BBC South West health correspondent
Some patients in Devon have said they are spending hundreds of pounds a year on thyroid drugs which are not routinely prescribed on the NHS.
While liothyronine (T3) can be prescribed by NHS specialists, the standard treatment from other NHS doctors in Devon is levothyroxine – known as T4.
The British Thyroid Foundation said that, despite efforts to work with NHS England to clarify guidance, patients in some parts of the country struggled to get T3 prescriptions.
NHS Devon said its advice for prescribing T3 was out for “specialist review”. The National Institute for Health and Care Excellence (NICE) said there was “currently not enough evidence T3 was safer or more effective long-term than T4”.
The thyroid is a gland in the neck which makes hormones to help control energy levels and growth.
An underactive thyroid can make people feel tired, experience weight gain, low mood and low libido.
Vivienne Wells, 68, from Exeter, was diagnosed with an underactive thyroid 18 years ago. She said the hormone replacement T4 worked for 10 years but she then felt like she had “fallen off a cliff”.
“My dose was constantly raised and raised but I felt consistently worse,” she said.
“I couldn’t work. My brain wouldn’t work. I couldn’t think.”
She was referred to an endocrinologist – a hormone specialist – who prescribed a low dose of T3.
Currently only endocrinologists can prescribe the hormone long-term.
Going private
Ms Wells said her brain function improved within two days of taking T3.
She said she wanted a larger dose prescribed long-term, but it was not available on the NHS.
She said she now spent hundreds a year buying T3 and another drug, naturally desiccated thyroid (DCT), from a private UK pharmacist.
“Without these drugs, I wouldn’t function,” she said.
“I wouldn’t be able to get up in the morning and decide what I want to do and achieve it.”
Ms Wells added: “You get more successful treatment in some areas of the country, but a lot of people have to pay privately and a great number of people who need to be treated privately, can’t afford it.”
Jane Chapple, 70, from Exeter, was diagnosed with an underactive thyroid in 2004.
She sources T3 from overseas and in 2020 set up a Devon and south-west England thyroid support group which has more than 500 members.
“I think everybody who needs that drug should have access to it. It shouldn’t be a postcode lottery,” she said.
“It would save the NHS a lot of money if people were treated properly with the drug that suits them best.”
Simon Waters, 56, from Woodbury Salterton, was diagnosed with an overactive thyroid in 1991 and had the last remaining part of his thyroid removed in 2020.
He was prescribed T4 but suffered chronic diarrhoea and tiredness.
He said he was given T3 by a friend and, within hours, his symptoms had stopped.
He now buys T3 from an online pharmacy overseas.
“The big symptom which cleared up almost immediately was diarrhoea. It cleared up within hours of taking the drug.”
NHS Devon said current advice was T3 should only be given by an NHS consultant endocrinologist when being prescribed for hypothyroidism.
The British Thyroid Foundation said this reflected a regional variance in prescribing T3.
It said NHS guidance was unclear and left scope for local prescribing bodies to “de-prescribe, limit prescriptions or not initiate new patients on this treatment”.
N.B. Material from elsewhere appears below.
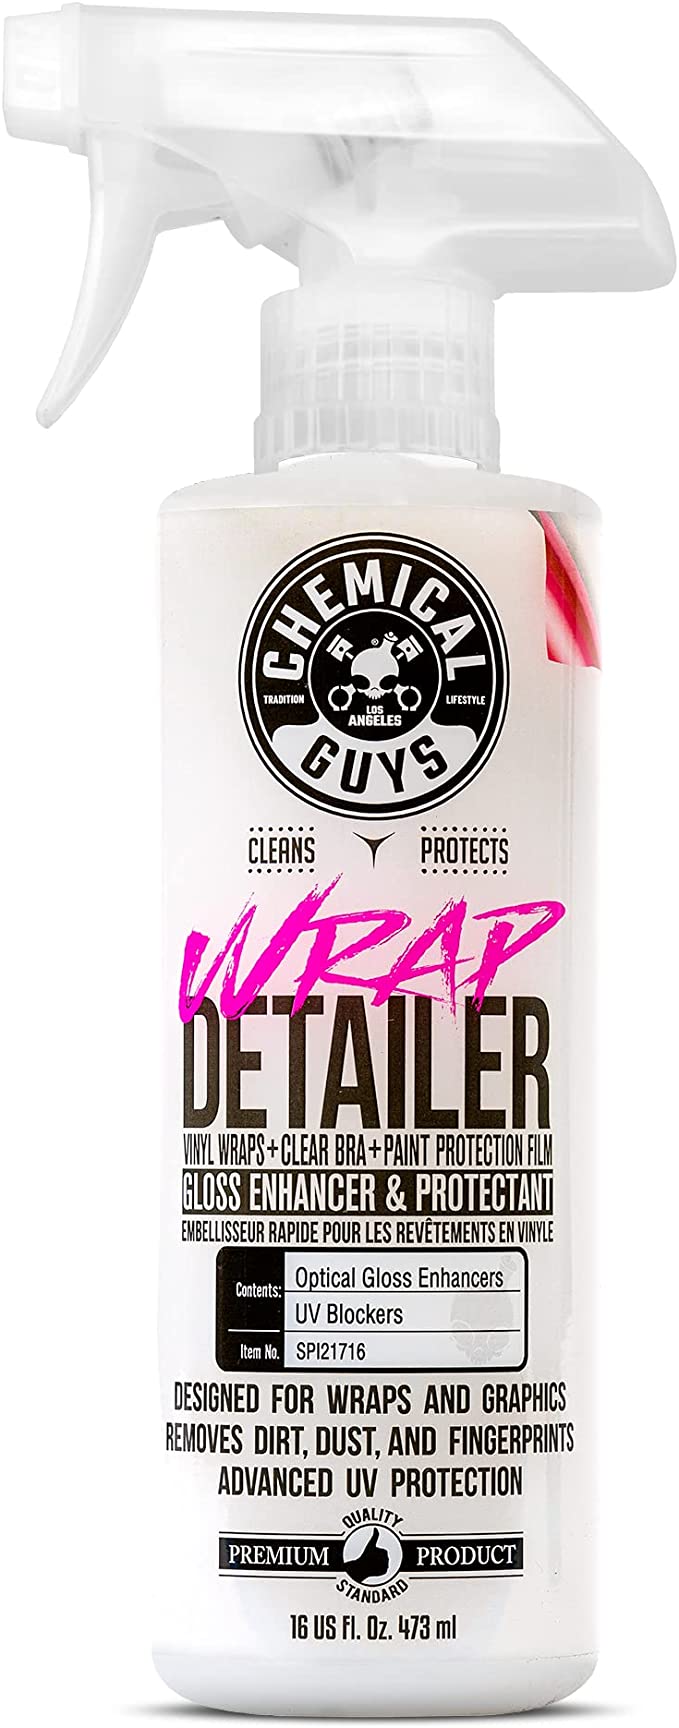 Chemical Guys Wrap Detailer - Designer Wraps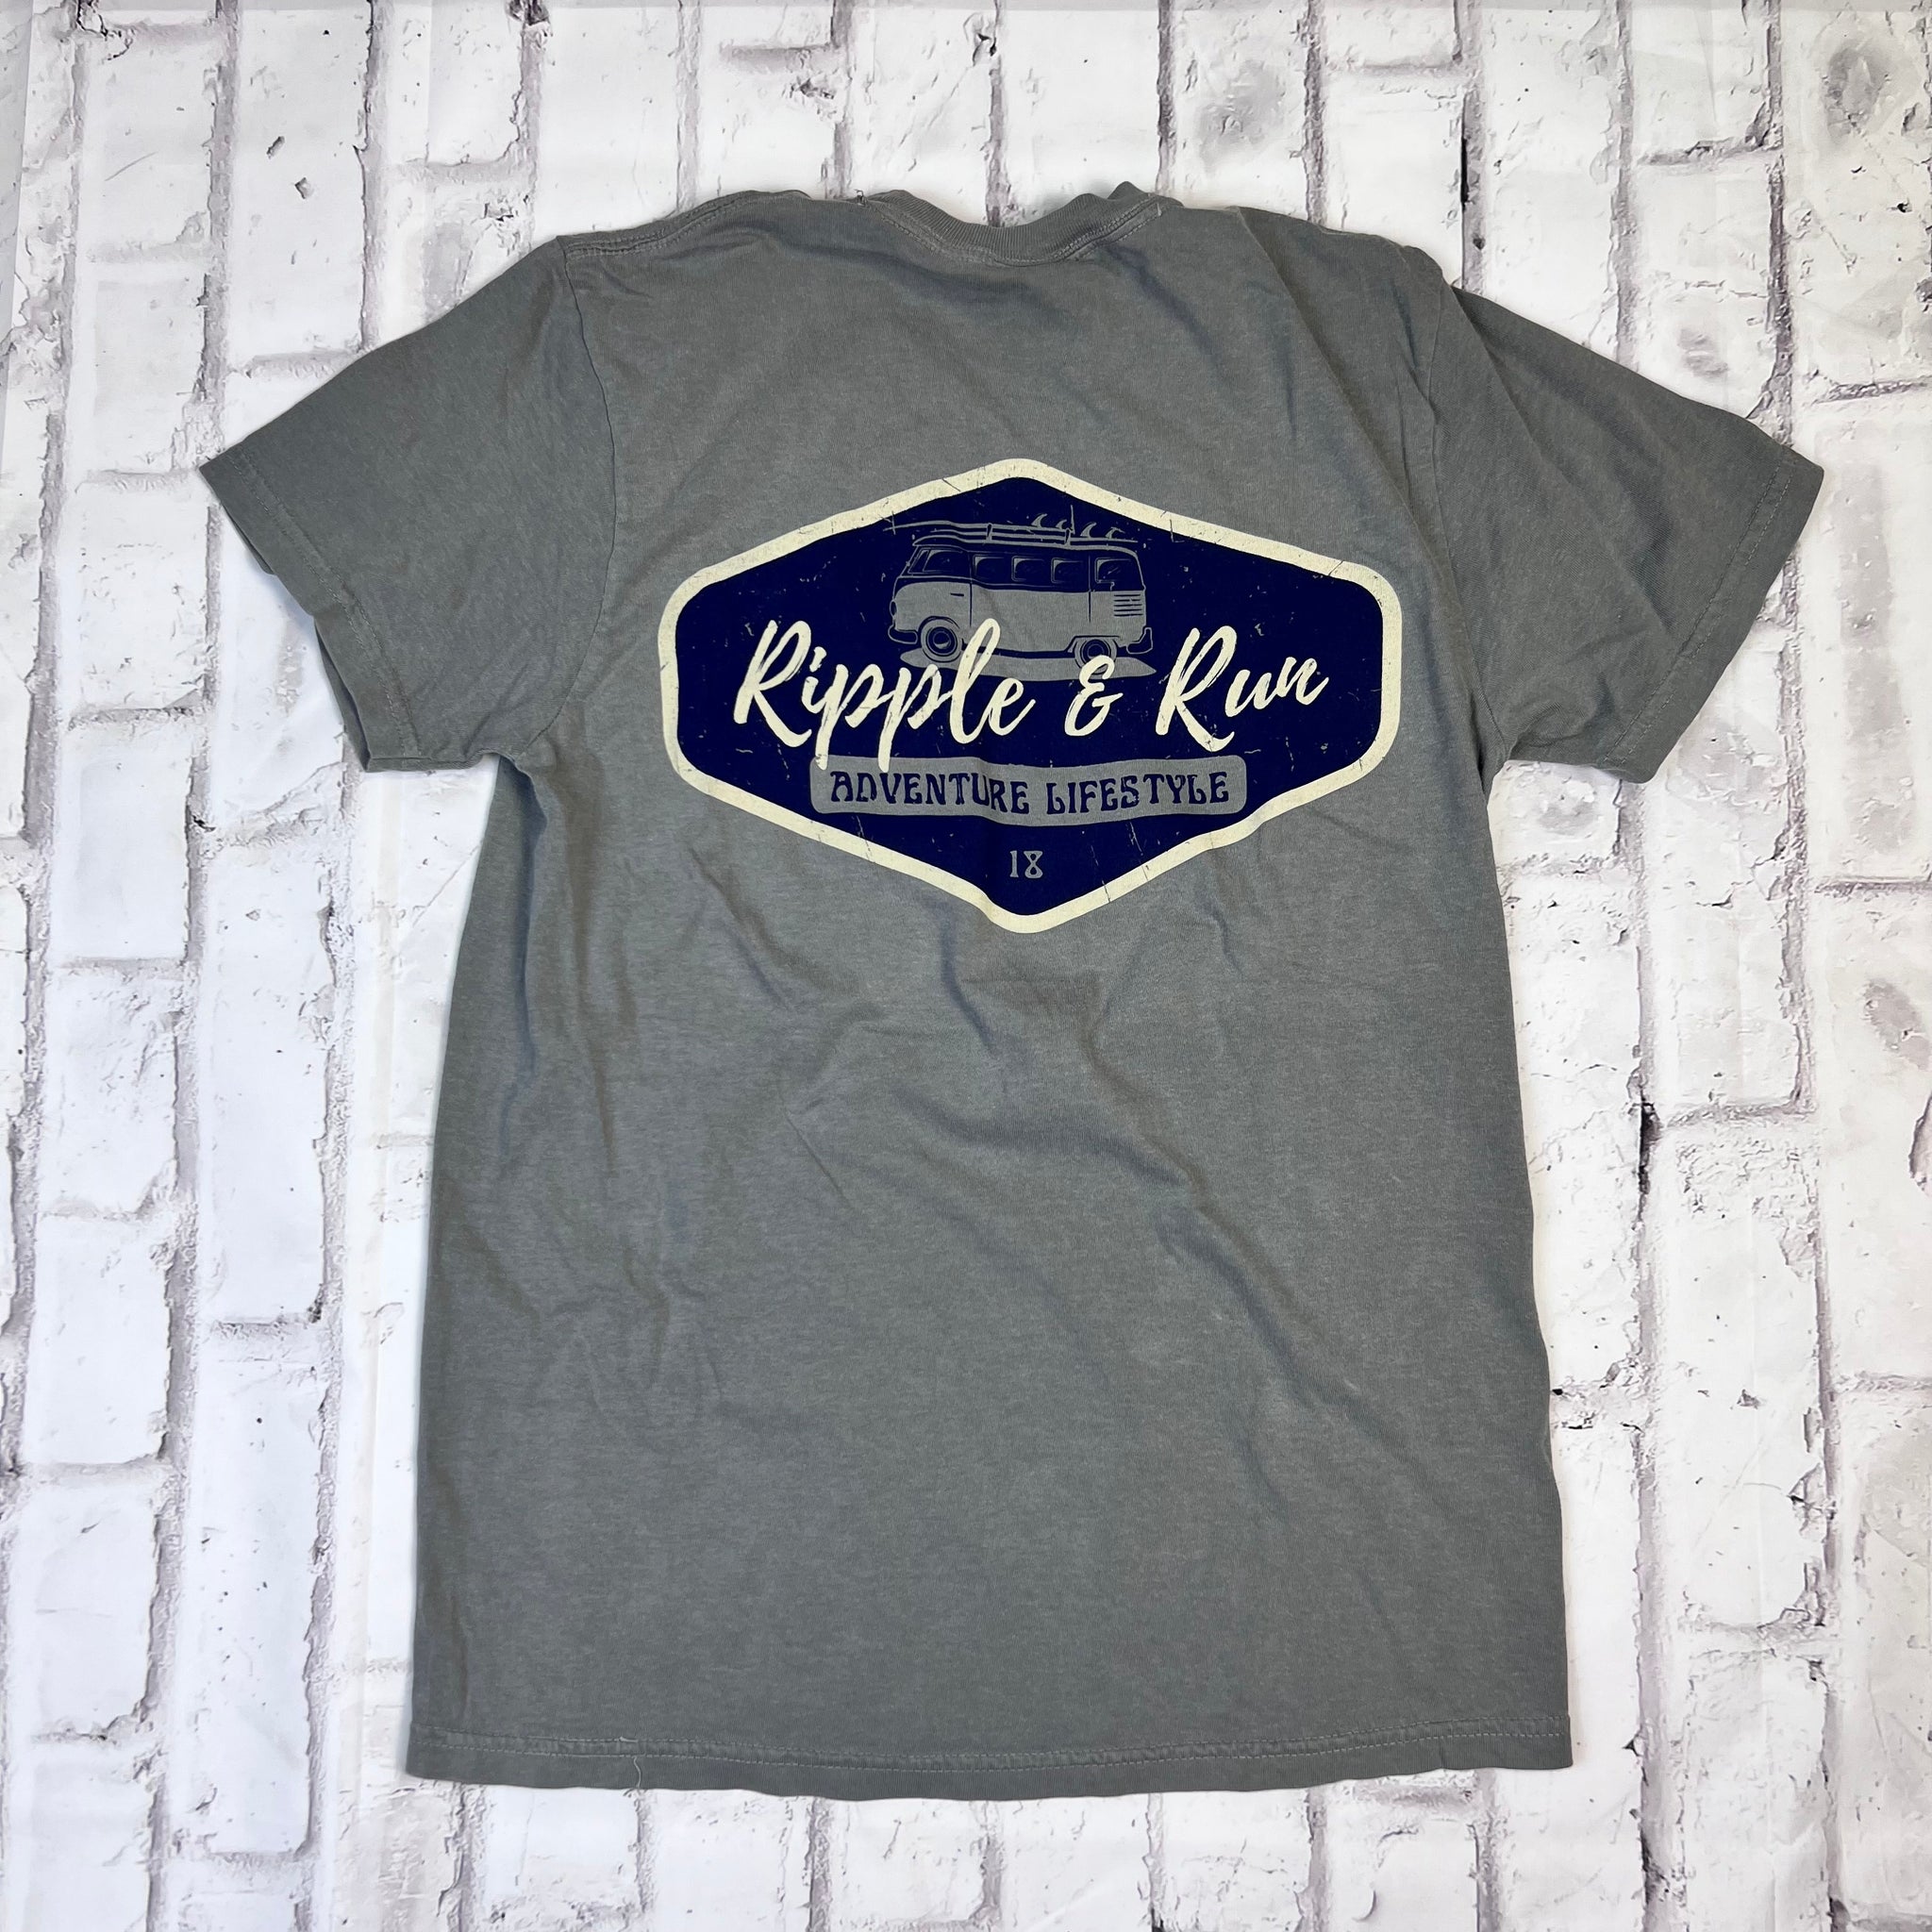 Ripple and Run "Adventure Lifestyle" Short Sleeve T-shirt - Gray

The charity said scientific evidence to support the benefits of T3 was unclear so not all endocrinologists were willing to prescribe it. But the charity supported calls for more research.
Julia Priestley, from the charity, said: “We think patients who have been shown to have a clinical need for T3 should be able to access it on the NHS, wherever they live.
“We work with other UK charities to help patients who may benefit from T3 to obtain it fairly, consistently and based on clinical need.
“We also support research to answer unsolved questions about T3’s effectiveness and long-term safety.”
The charity warned that self-sourcing the drug without appropriate medical supervision could be dangerous.
A spokesperson for NHS Devon said it currently had local guidance on the prescribing of liothyronine.
“Updated guidance, which adopts the advice published by NHS England is currently out for specialist review, with a view to be published in the autumn,” it added.
A spokesman said the price of T3 was “significantly higher” than T4.
“Since 2017, the price of T3 has fallen but it is still significantly higher than the price of levothyroxine tablets.”
NHS Devon added some exceptions had been made for a cohort of patients who were found to require T3 following a clinical working group.